Записки примата. Необычайная жизнь ученого среди павианов - Роберт Сапольски
Шрифт:
Интервал:
Закладка:
Дело к вечеру, пора фотографироваться. Вверх-вниз по склону, семьи высыпают навстречу в полном составе, мы делаем кадр за кадром и обещаем отдать всем снимки в следующий приезд. Фотографироваться здесь до сих пор не привыкли — у кенийцев с фотопортретами те же сложности, что и у американцев в начале XX века: все постановочное, никто не улыбается, сниматься положено только при полном параде. Люди переодевались весь день, вся нищая деревня стирала, шила и штопала. Групповые портреты, драгоценных младенцев поднять повыше, любимых коров в центр. Тем, кто учится в школе, непременно нужно запечатлеться с открытой книгой и воздетой к небу рукой, читающими Нагорную проповедь. И вот яркая, красочная толпа, бурлящая живой энергией, превращается в стопку убийственно серьезных, удручающих дагерротипов.

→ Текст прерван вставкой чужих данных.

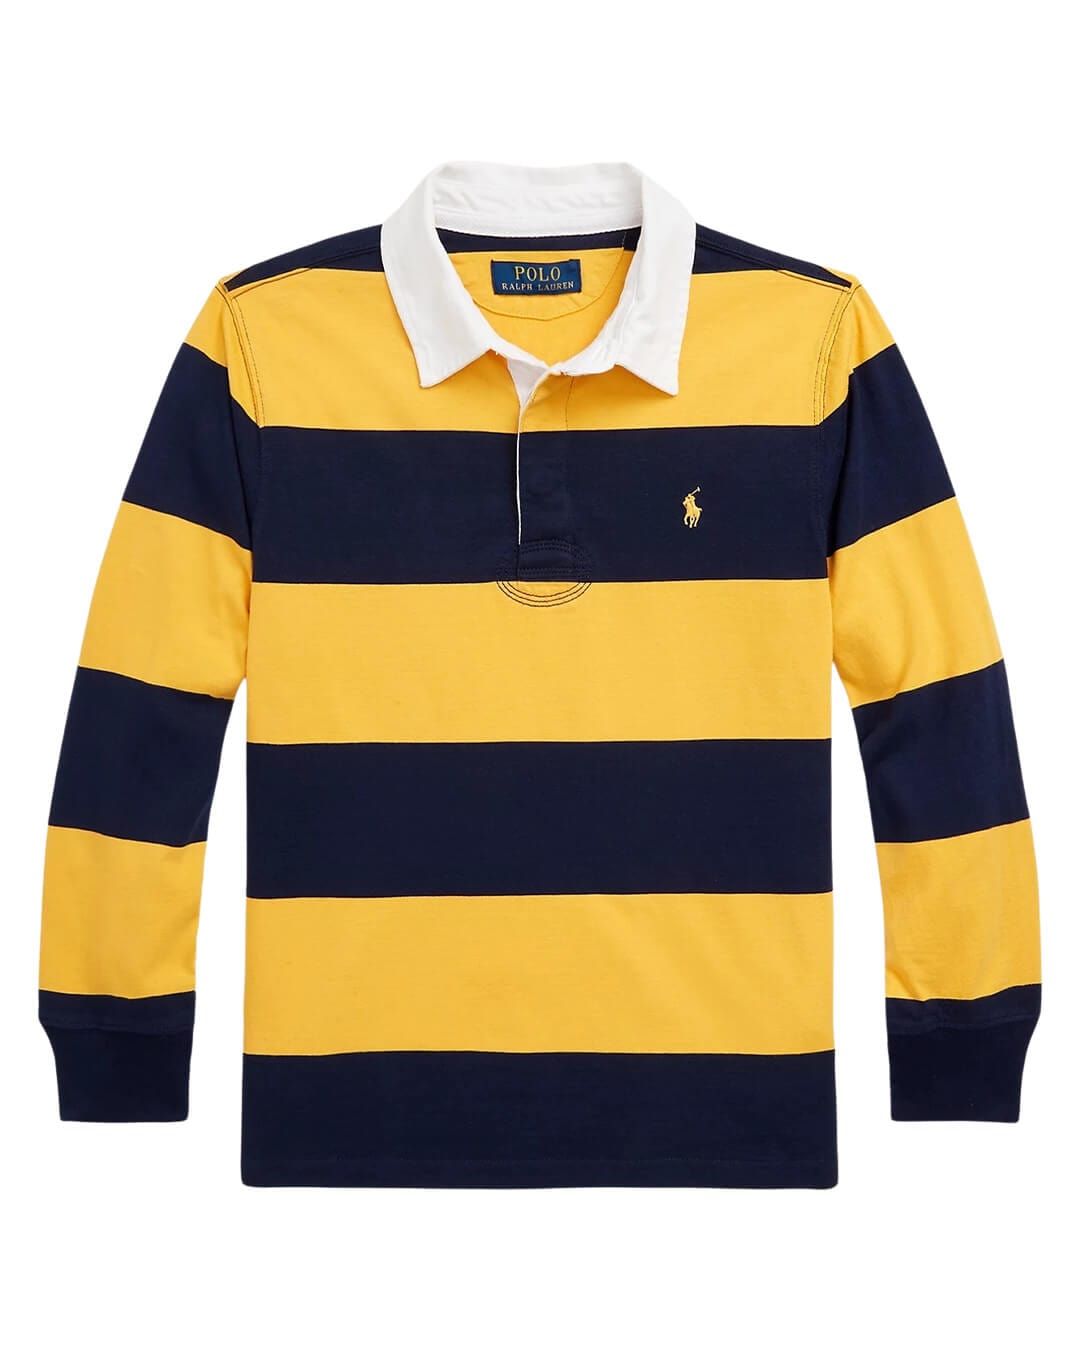 Polo Ralph Lauren Polo Shirts Boys Polo Ralph Lauren Yellow And Navy Striped Cotton Jersey Rugby Shirt
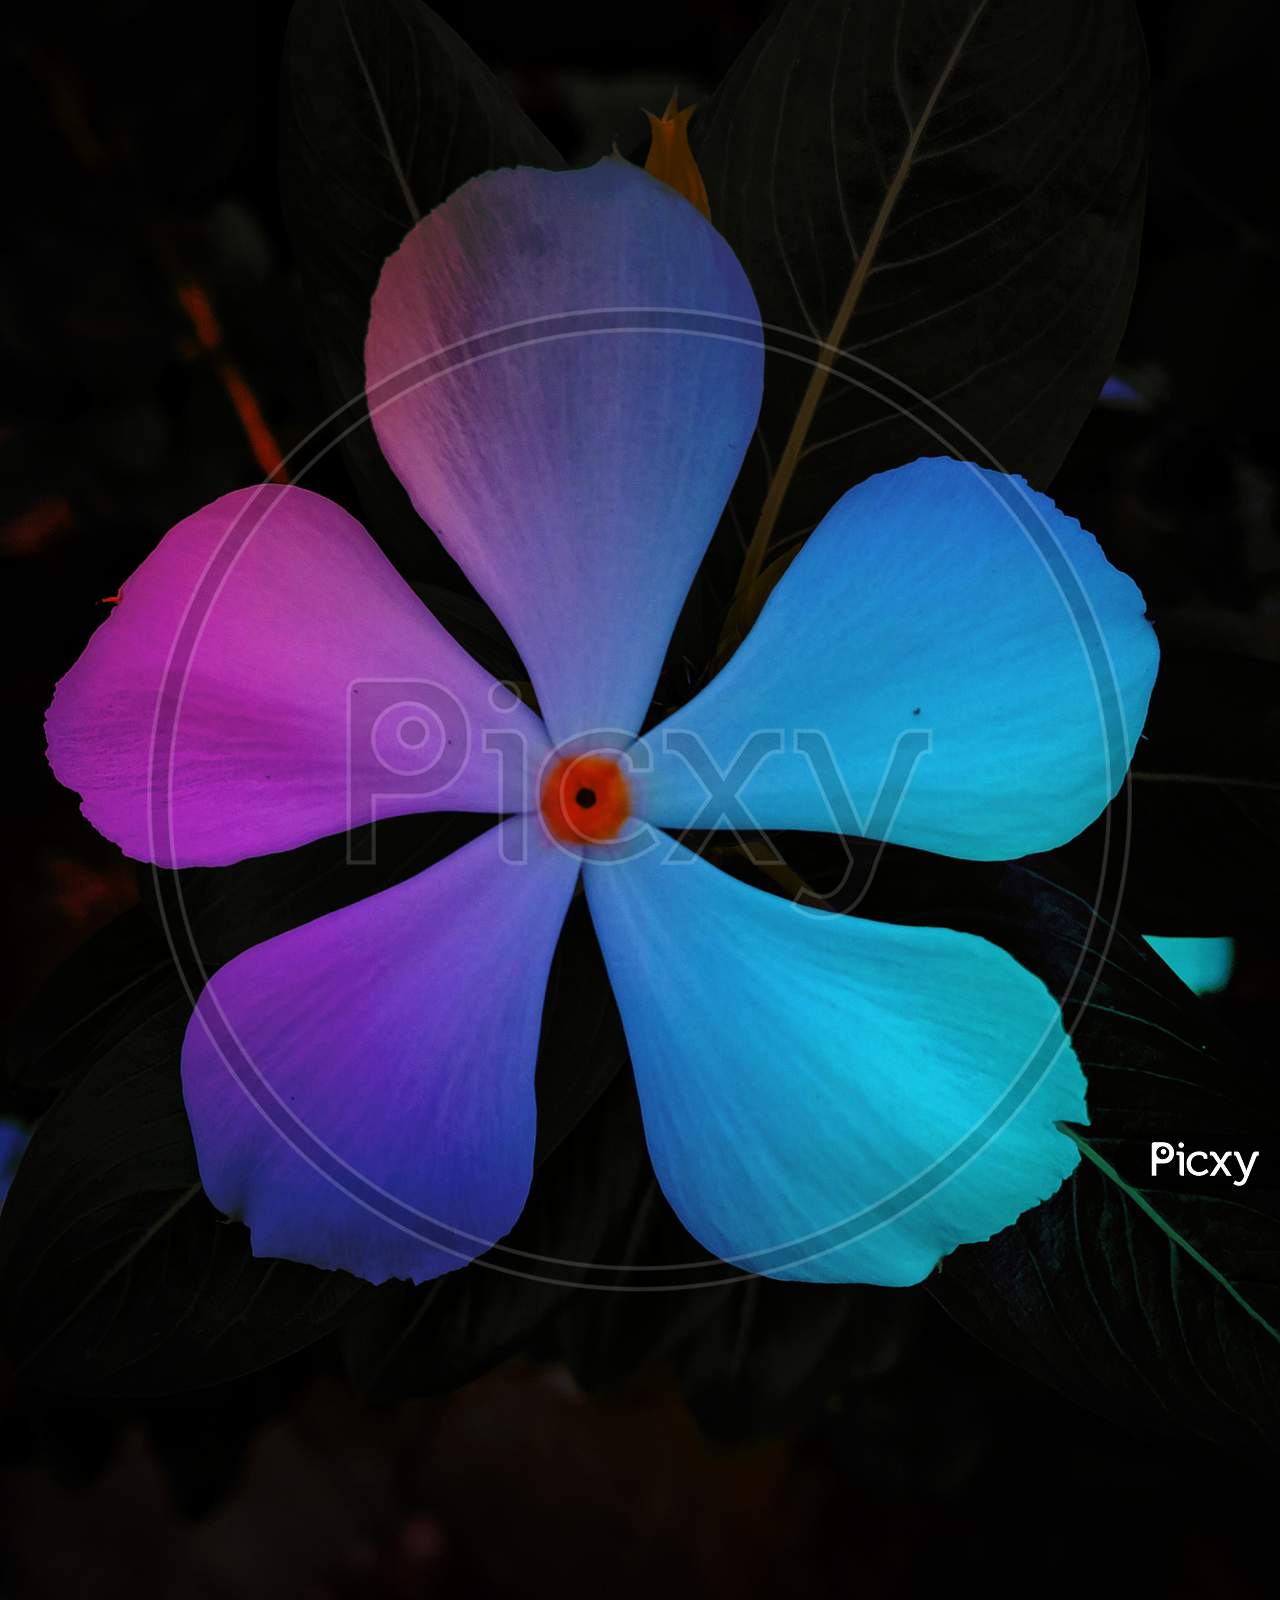 Colourful flower, creative photography

Вечер. Горы картошки и капусты, одного ребенка с осликом отряжают вниз в лавку за главным угощением — содовой для всех. Забивают козу. Нам, как почетным гостям, первым подносят всякие жутковатые неопознанные органы. Лиза, приехавшая в Кению такой же убежденной вегетарианкой, как и я много лет назад, и осознавшая, что выбор сейчас проходит между добродетелью воздержания от мяса и добродетелью уважения к устроителям пира, причмокивая от удовольствия, поглощает козью требуху. Радость, единение, все расслаблены и счастливы, все лопают от пуза. Мы запеваем, разучиваем песни. В ответных выступлениях солирует Джулиус, ангельского вида подросток, которого Лиза экзаменовала по геометрии, — нежным приглушенным голосом, сосредоточенно морща лоб, он выводит мелодии кипсиги. Трое суровых мужчин почти разбойничьего вида, дальние родственники, которые все это время сидели молча у самой стенки, ни в чем не участвуя, вдруг после долгих серьезных и напряженных перешептываний объявляют через Ричарда, что у них есть песня, особенная песня, и они хотят ее спеть. Это оказываются «Три слепые мышки», исполняемые с почти религиозным трепетом невероятной фальцетной трехголосицей. Поем дальше, нас учат церковным песнопениям — о Вавилоне, Сионе и встречах с Господом. Похоже, у миссионера, который вместо попыток лечить их от глистов, строить школы голыми руками или проповедовать теологию освобождения назло правоцентристским батальонам смерти, просто сидит и распевает песни в кругу радующихся людей, жизнь складывается вполне приятная и беззаботная.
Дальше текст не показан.